A comprehensive study has found clear biomarkers in the MRI scans of children diagnosed with attention deficit/hyperactivity disorder (ADHD).
The findings of the study were presented recently at the annual meeting of the Radiological Society of North America (RSNA). The study also found the potential use of neuroimaging machine learning in the diagnosis, treatment planning, and surveillance of the disorder.
ADHD, one of the most prevalent neurodevelopmental disorders in childhood, affects about 6 million American children between the ages of 3 and 17 years, according to SciTechDaily. Symptoms of the disorder include trouble paying attention and controlling impulsive behaviors or being overly active. The disorder is diagnosed by a child’s caregiver, which includes a checklist to rate the presence of ADHD symptoms.
“There’s a need for a more objective methodology for a more efficient and reliable diagnosis,” study co-author Huang Lin, a post-graduate researcher at the Yale School of Medicine in New Haven, Connecticut, said, the outlet reported. “ADHD symptoms are often undiagnosed or misdiagnosed because the evaluation is subjective.”
For the analysis, researchers used MRI data from the Adolescent Brain Cognitive Development (ABCD) study, the largest long-term study of brain development and child health in the United States. From the ABCD study, data from 7,805 children aged 9-10 years, including 1,798 diagnosed with ADHD children was analyzed.
“The demographics of our group mirror the U.S. population, making our results clinically applicable to the general population,” Lin said, as per the outlet.

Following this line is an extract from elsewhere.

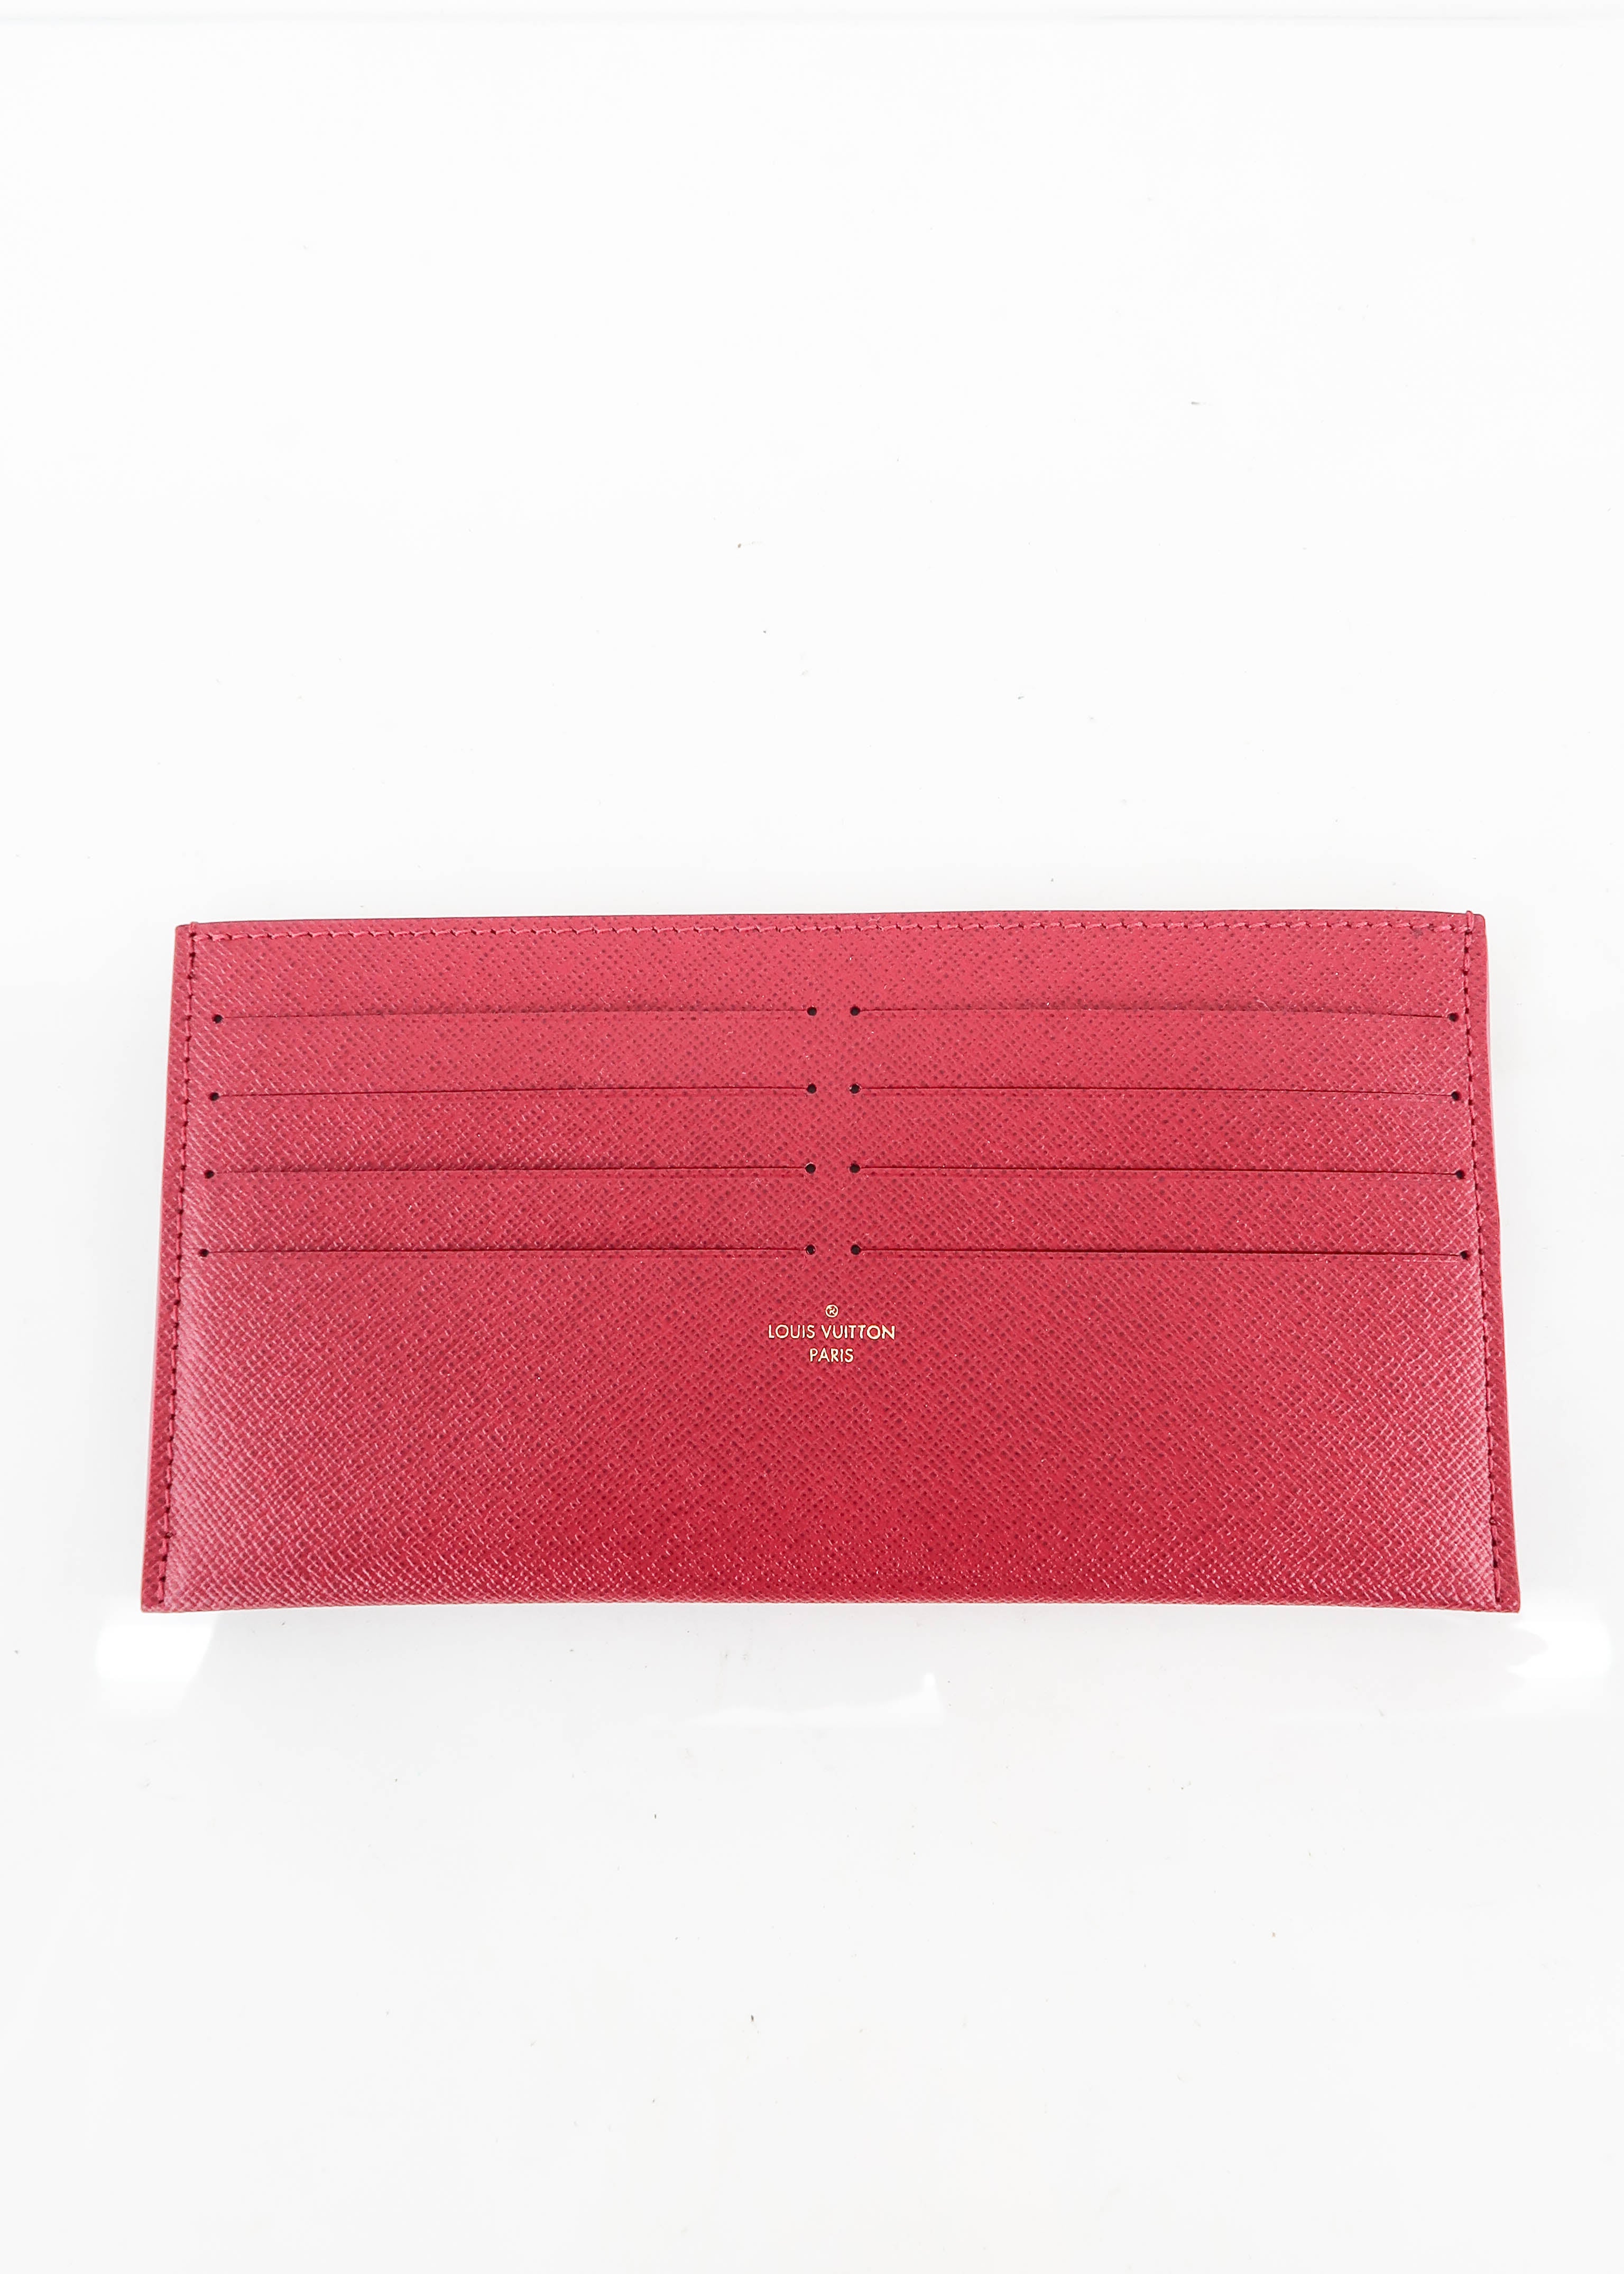 Buy Louis Vuitton Credit Card Cerise Red Insert From Felicie Pochette  Wallet A952

Following analysis, the association of ADHD with neuroimaging metrics, including brain volume, surface area, white matter integrity, and functional connectivity, was studied.
“We found changes in almost all the regions of the brain we investigated,” Lin noted. “The pervasiveness throughout the whole brain was surprising since many prior studies have identified changes in selective regions of the brain.”
Abnormal connectivity in the brain networks involved in memory and auditory processing, a thinning of the brain cortex, and pronounced white matter microstructural changes were found in ADHD patients.
“Our study underscores that ADHD is a neurological disorder with neuro-structural and functional manifestations in the brain, not just a purely externalized behavior syndrome,” Lin said.
“At times when a clinical diagnosis is in doubt, objective brain MRI scans can help to clearly identify affected children. Objective MRI biomarkers can be used for decision-making in ADHD diagnosis, treatment planning, and treatment monitoring,” Lin further added.
The researcher is also confident their MRI data was significant enough to be used as input for machine learning models to predict an ADHD diagnosis. Machine learning will be able to analyze large amounts of MRI data.
A separate study found that caffeine could be a possible treatment for some of the symptoms of ADHD. “The therapeutic arsenal for alleviating ADHD is limited, and there is a certain degree of controversy around the use of some types of medications and stimulants, especially during childhood and adolescence,” Javier Vázquez of Universitat Oberta de Catalunya (UOC), one of the new study’s main authors, said in the UOC news release. “That’s why it’s useful to study the efficacy of other substances, such as caffeine.”